## Requirement:
In the entries below, repeat only the lines between those holding "Angel Touch (7004-24)" and "Michigan Gov. Whitmer", inclusive. Leave pictures out.

## Dataset extract:
--- --- ---

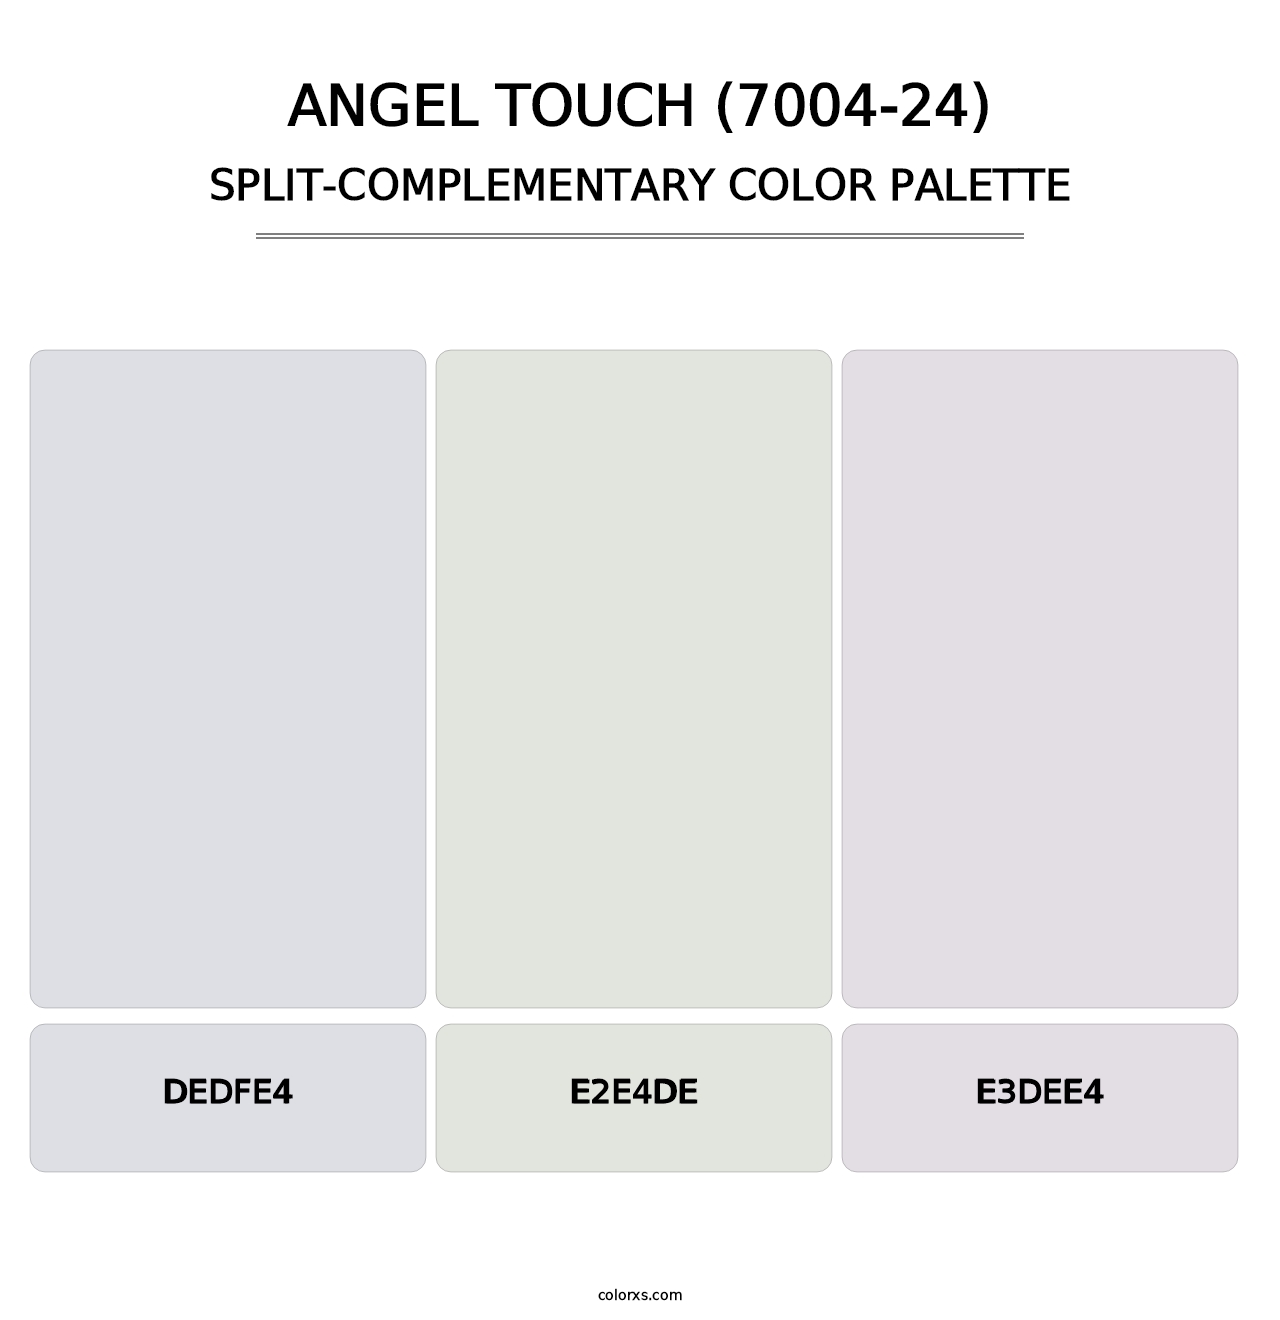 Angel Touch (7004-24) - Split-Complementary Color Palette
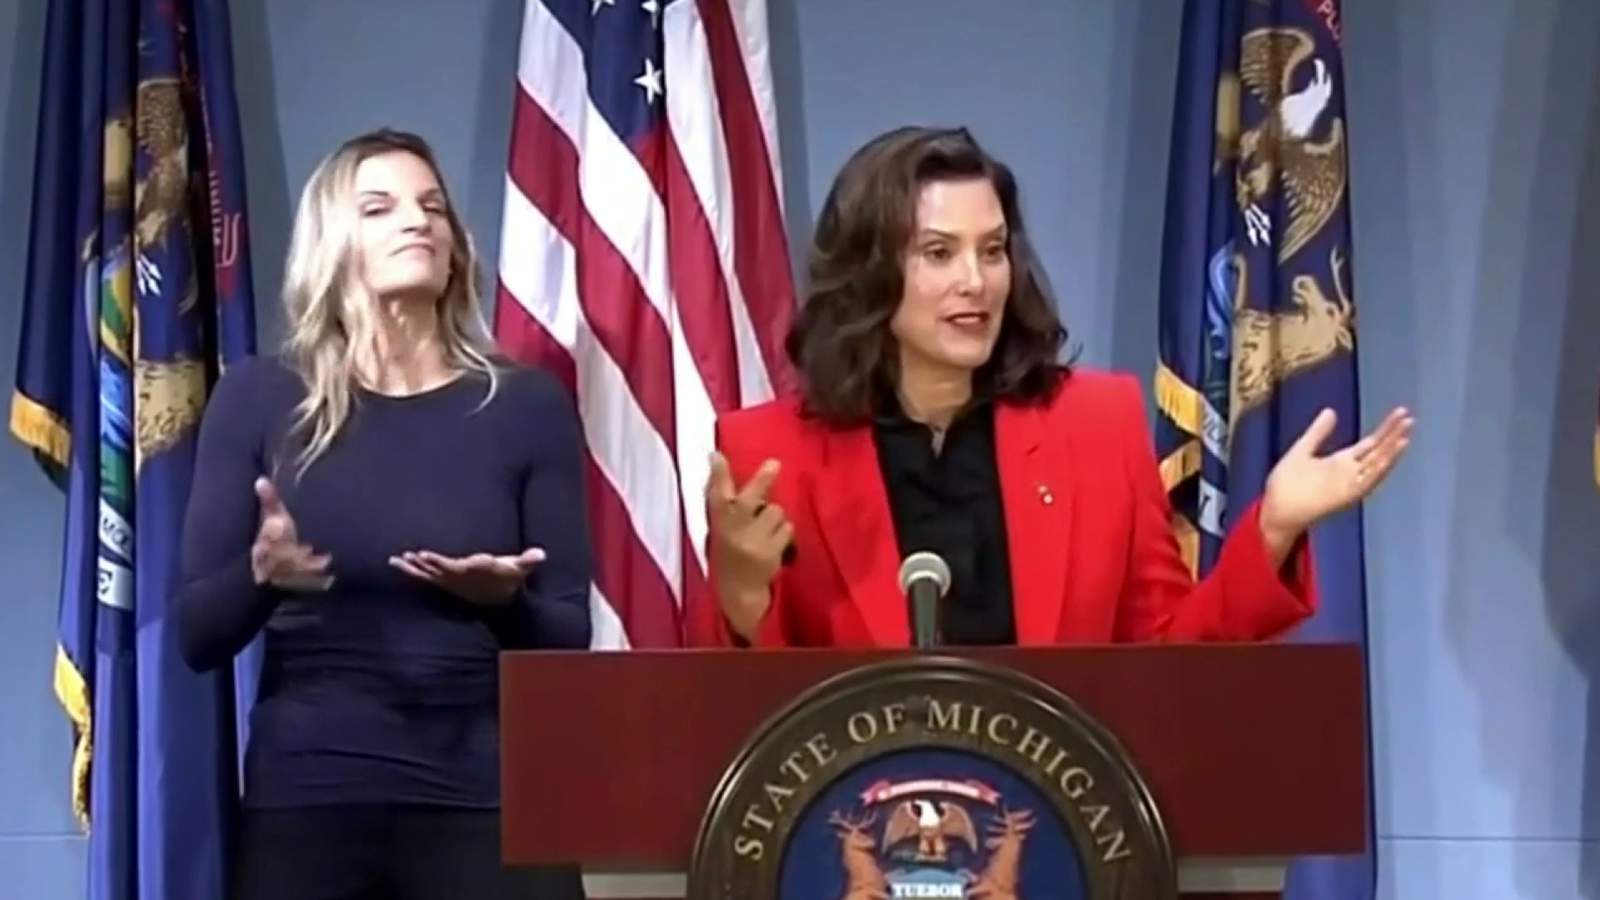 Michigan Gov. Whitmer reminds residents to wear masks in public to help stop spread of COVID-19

--- --- ---

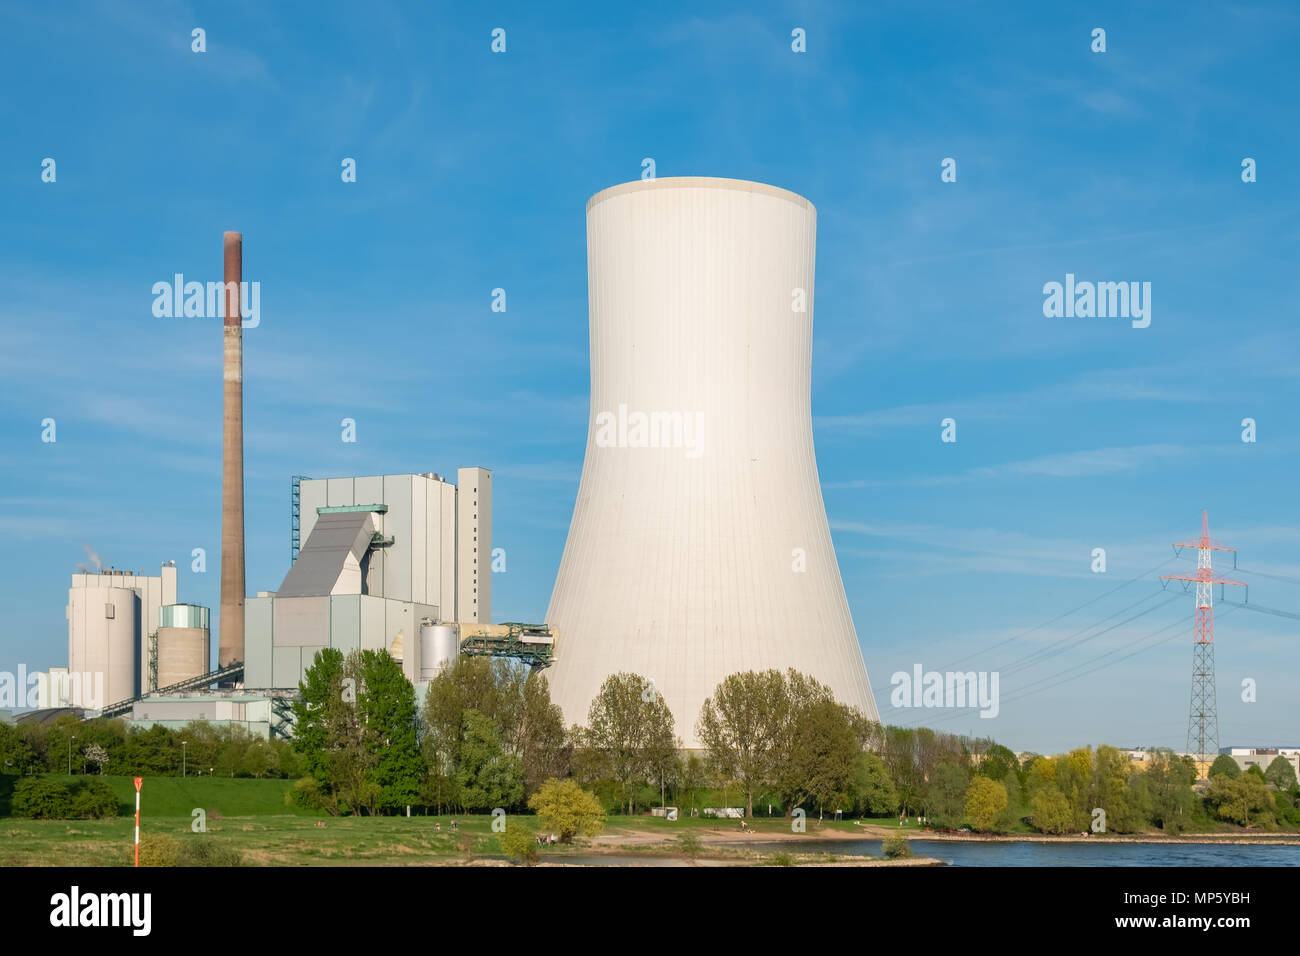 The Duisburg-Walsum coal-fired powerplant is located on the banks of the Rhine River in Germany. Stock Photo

--- --- ---

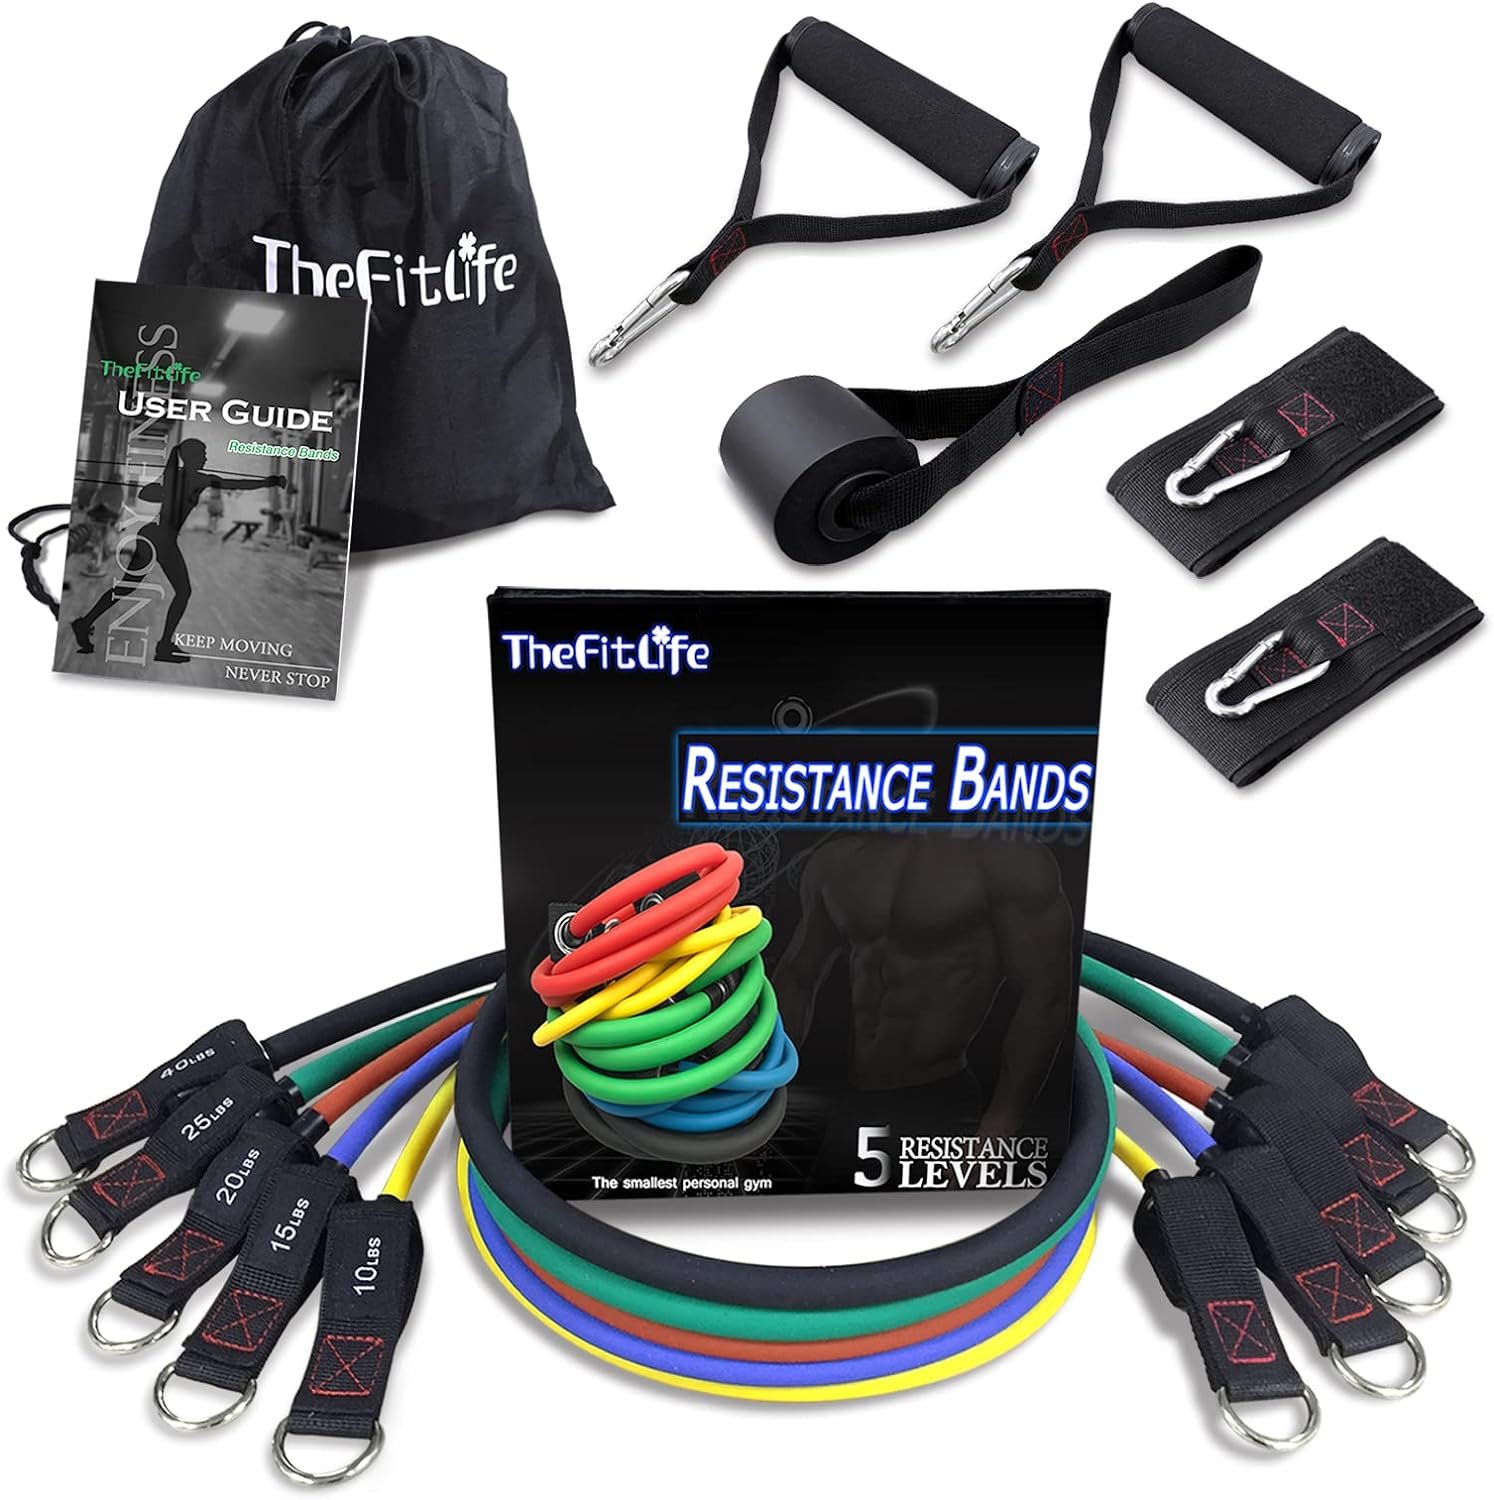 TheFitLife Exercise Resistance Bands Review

--- --- ---

## Answer below:
 Angel Touch (7004-24) - Split-Complementary Color Palette
 Michigan Gov. Whitmer reminds residents to wear masks in public to help stop spread of COVID-19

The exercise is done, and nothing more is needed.